Виктор Носатов – Три судьбы (страница 5)
– Вызывай хоть самого дьявола, которому ты служишь! – равнодушно промолвил капитан, поправляя одеяло на носилках с ранеными.
Майор, явно не привыкший к подобному отношению, обескураженно постоял, прикидывая свои возможности, потом перебросился несколькими словами со своим спецохранником-прапорщиком, сел в уазик и укатил к зданию аэропорта.
Когда загрузили четвертого раненого, к вертолету лихо подвернула патрульная машина, из нее легко вымахнули четверо ладных парней в пятнистых хэбэ и бравый старлей, за ними неуклюже выбрался белолицый майор и взглядом указал на военврача, который помогал нести очередного раненого.
Служака подошел к капитану, взял под локоток и, сказав несколько слов вполголоса, увлек в сторону от носилок, которые, естественно, опустили на землю, однако капитан высвободился от цепкого захвата старлея и вернулся к раненому, но патруль был уже наготове и, по команде начальника патруля сцапав военврача понадежнее, увлекли его в свою машину, профессионально применив для этого заученные приемы.
Патрульная машина резко погазовала с взлетной полосы, а майор-победитель заглянул в мрачное брюхо вертолета, предостерегающе поднял руку и велел санитарам загрузить оставшихся раненых в госпитальную «таблетку» и возвращаться назад, а сам, переговорив с пилотами, охранником-прапорщиком, покинул машину. Вертолетные водилы задраили люки и закрылись в кабине.
Через пару минут, раскрутив винты и набрав обороты, взлетели. С семью ранеными, с трудом уместившимися в чреве вертолета, остался лишь один медбрат с объемистой сумкой на боку, примостившийся между носилками и громадой груза на тубе канатной лестницы.

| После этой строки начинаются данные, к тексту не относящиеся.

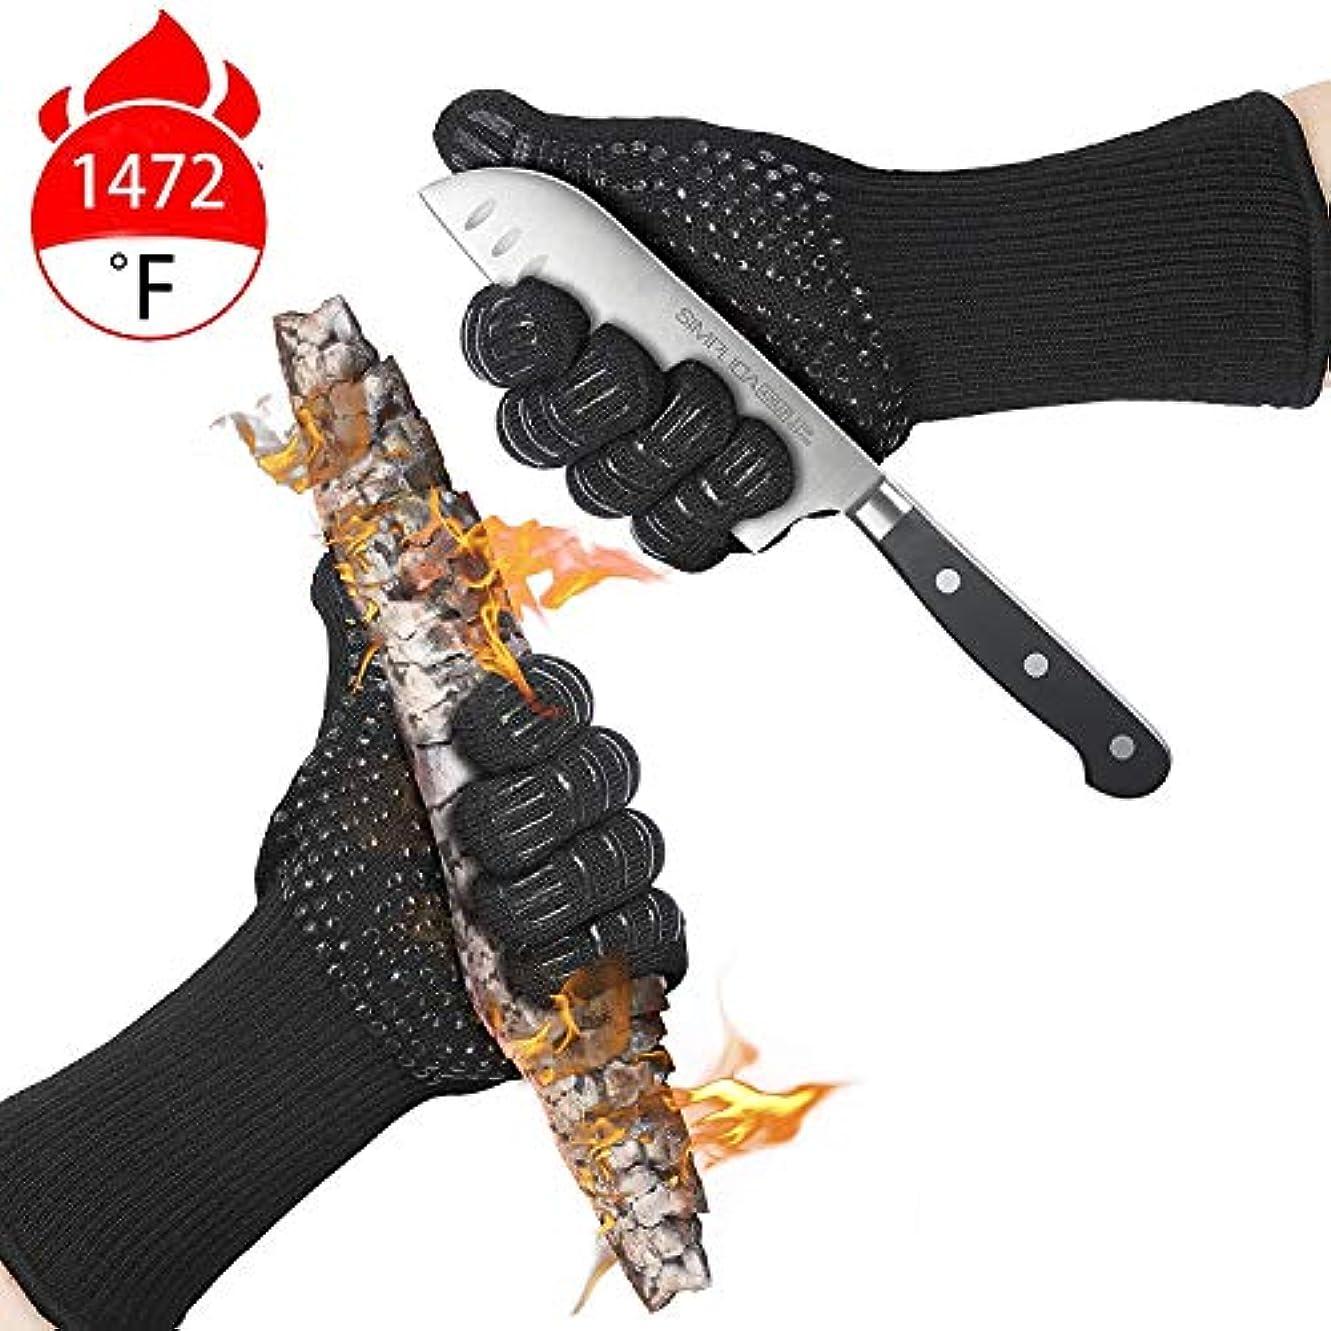 耐熱グローブ キャンプグローブ バーベキューグローブ クッキンググローブ 耐熱手袋 最高耐熱温度800℃ 滑り止め 両手兼用 5本指 着脱簡単 鍋掴み 調理道具

Несмотря на то, что винтокрылая машина уносила все дальше и дальше от чужой жестокой войны, на душе у Алексея становилось все горше и горше. Не так от этого чудовищного по своей бесчеловечности эпизода на аэродромной бетонке во время погрузки, как от порожденного им внезапного прозрения и ненависти на всю эту грязную и довольно нелицеприятную оборотную сторону войны. Конечно же, он знал из книг, воспоминаний ветеранов и прочих бывалых людей, что война приносит несчастье человечеству, но даже в этом кое кто находит для себя выгоду. Недаром в народе говорят: «Для кого война, а для кого и мать родная». Увидев в вертолете тугие тюки, ящики и коробки с заграничными ярлыками, он вдруг подумал, что где-то уже видел такие же. Вспомнил купеческий караван из полусотни верблюдов, заблудившийся в войне, на которых была такая же поклажа, и караванбаши на низкорослой лошадке, в окружении вооруженной охраны, которые драпанули кто куда после первой же очереди ДШК, побросав свое добро и оставив себе лишь жизни. Но эти мирные трофеи, судя по действиям белолицего майора-тыловика, доставались не тому, кто вел окопную жизнь, подвергался опасностям, а порой и погибал не за понюшку табаку, а кому-то другому, стоящему, судя по размаху, на самом верху штабной лестницы. И страшно даже не то, что кто-то мародерствовал в этой войне, а то, что эти кто-то, наживаясь за счет смерти простых солдат, входили во вкус, заражая своей мерзостью других, и считали своим главным делом на войне нагрести в свои личные закрома побольше дармового добра, перешагивали через убитых и раненых, не обнаруживая ни единой капли милосердия и страха, даже если это были и наши солдаты, как это уже доказал белолицый майор тыловой службы.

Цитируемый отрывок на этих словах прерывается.